Now, the autism “evaluation” is scheduled for mid-November at LifeScape in Sioux Falls, SD. We chose to have him evaluated in Sioux Falls, SD, because the Rapid City LifeScape is scheduled out on autism “evaluations” until 2019 sometime. So, come mid-November, he will be seen at LifeScape in Sioux Falls, SD, where he will play and interact with a therapist, a physical therapist, an occupational therapist, and a speech therapist all at once in a four hour time frame. After this, he will have an “official” diagnosis and we will know where he falls on the spectrum and have a little more information. He is scheduled to start therapy before this evaluation, as mentioned above.

Then South Dakota has what they call the Birth to 3 Program. Your child is evaluated at the local school and you are assigned a caseworker to help advocate for your child and to explain and advise you of the resources out there for families with children with special needs. You also work on your child’s plan for education, which is revised and reworked very often to keep your child on the right path for the way they learn. We start evaluations for this tomorrow, and have all the paperwork done, so far. There are also opportunities for therapists to see your child in your home or at daycare until they turn the age of three.

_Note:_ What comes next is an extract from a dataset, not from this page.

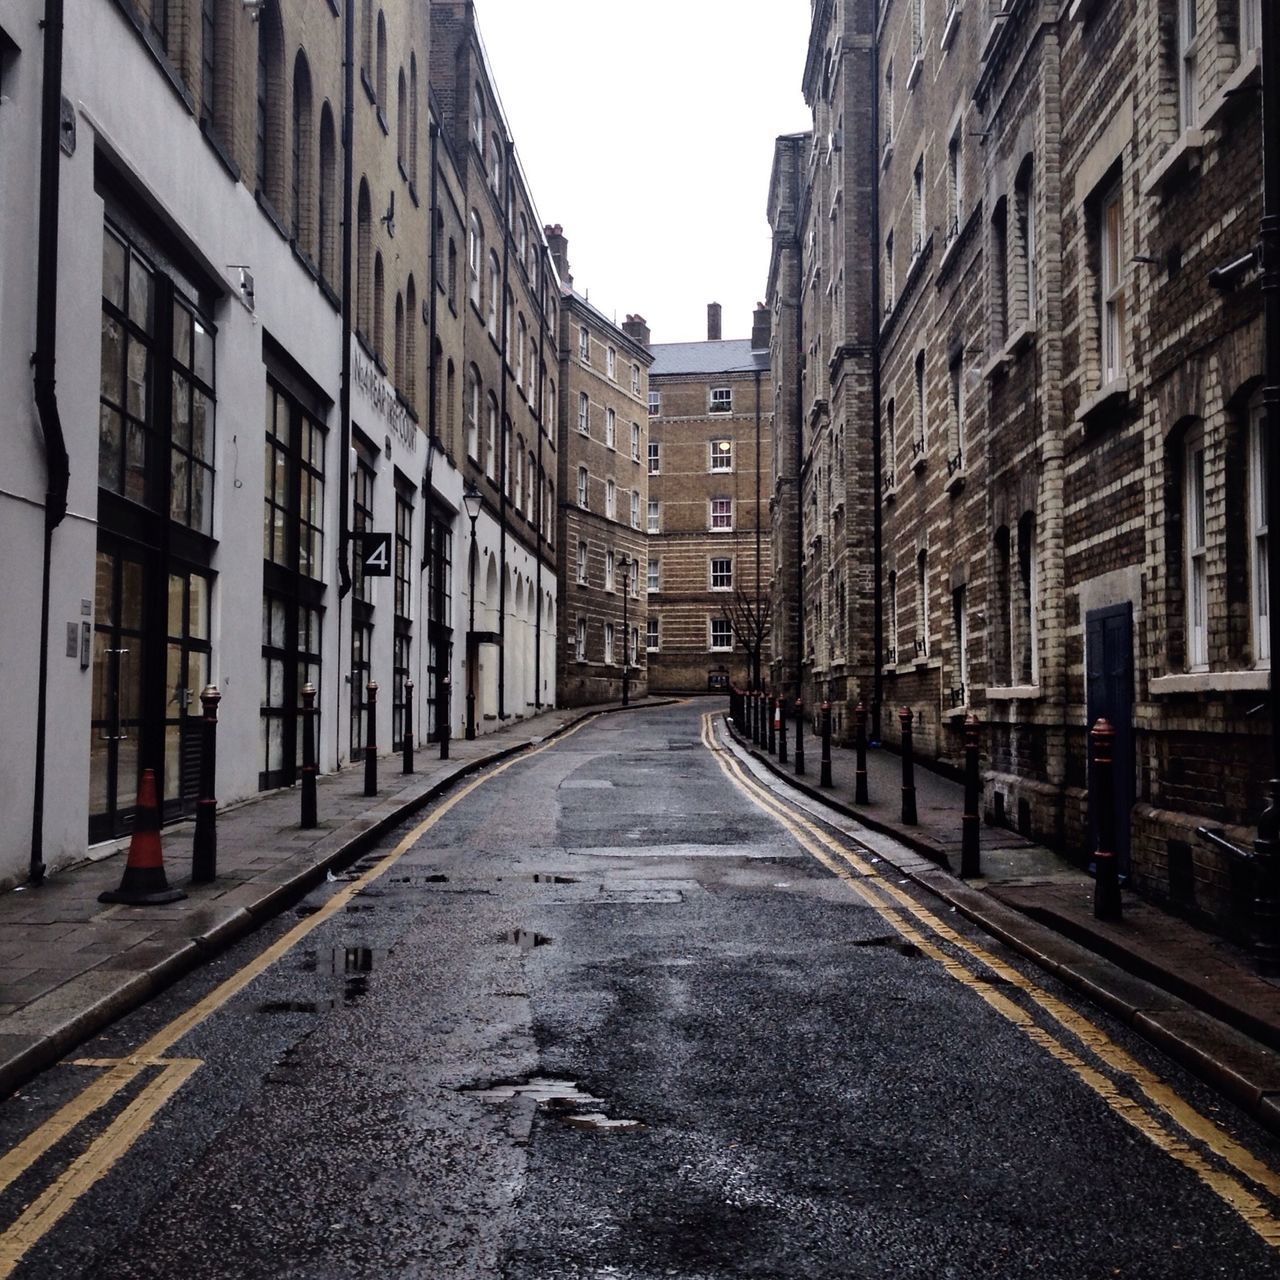 View of empty street
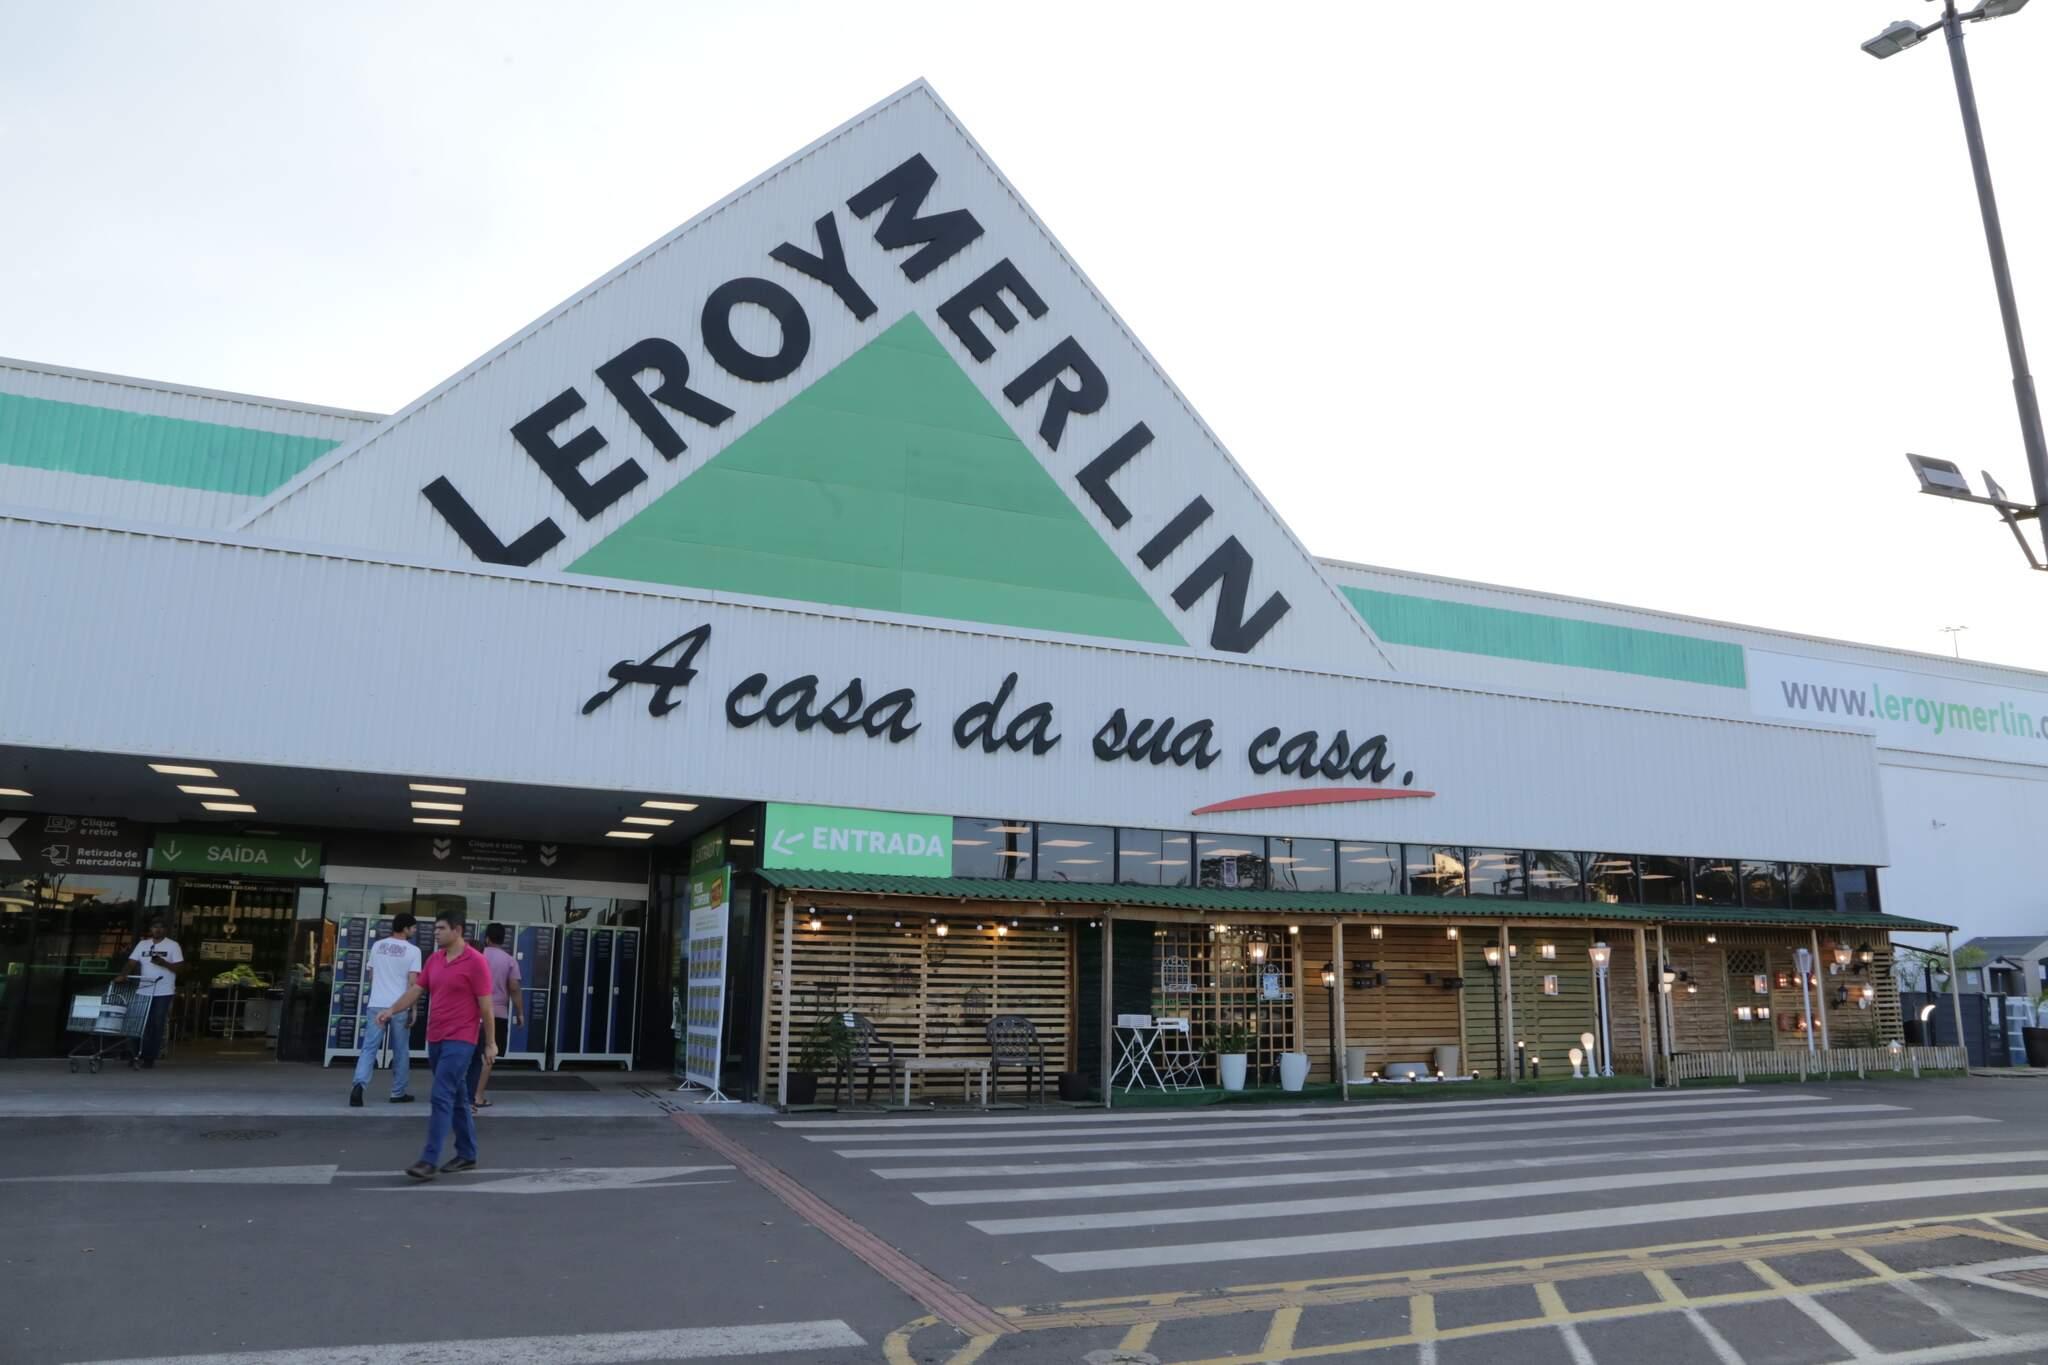 A Leroy Merlin fica na saída para Cuiabá, ao lado do Shopping Bosque dos Ipês. (Foto: Kisie Ainoã)

It seems so backwards. I am meeting at the school regarding education for my second child before my first…

My Army

As overwhelming and confusing as this all is, I am certain we will get a grasp on all of it and it will all become second nature. That being said, there is absolutely no way that things would have worked out the way that they have so far without the help of my family, my daycare providers, and my bosses at work. My parents put in a lot of time and help me out a lot. They are not just “watching the grandkids”. It takes extreme patience and understanding to watch my son. They aren’t just watching him, but learning to work with him. He absolutely cannot be left unsupervised unless he is in a completely “Gus proofed” room, and sometimes even then he can find something unsafe to do or get into. He cannot verbally communicate, so it can be very frustrating to figure out what he wants and needs. He is very curious and has some destructive behaviors. He never stops moving unless he is sleeping. Plus, he has a 3-year-old sibling that needs attention, too, which is so important to provide as well. I can’t just take both of my kids places. My son will “bolt” aka run off without return or any regard for danger etc. Therefore, doing something as simple as getting a haircut or going to the grocery store can really become a chore. My parents and my sister are what make these things possible and keep him safe. For that I am already eternally grateful and know just how lucky and blessed I am. This goes for daycare, too. I know his daycare providers had to have noticed that he had some problems. I let them know what was going on once we knew, and they thanked me for telling them and have been on this journey with us 100%. Seriously, how amazing is that? I know that my son requires more work and attention, and would completely understand if they felt he’d be better off somewhere else, but they have taken this on and are willing to help in any way they can. That’s love. I know that my children’s daycare providers truly love them. That in itself is one of the biggest blessings a parent can find in a world full of so much scary. My boss and coworkers also deserve praise in being so willing to listen to me, work with me, work out a schedule with me, and always make time to talk to and interact with my littles when they are around.

Although this is a never-ending process and a life of constant learning, adjusting, and compromising, I know that I have plenty to be thankful for. Sometimes, it just helps to blow off a little steam.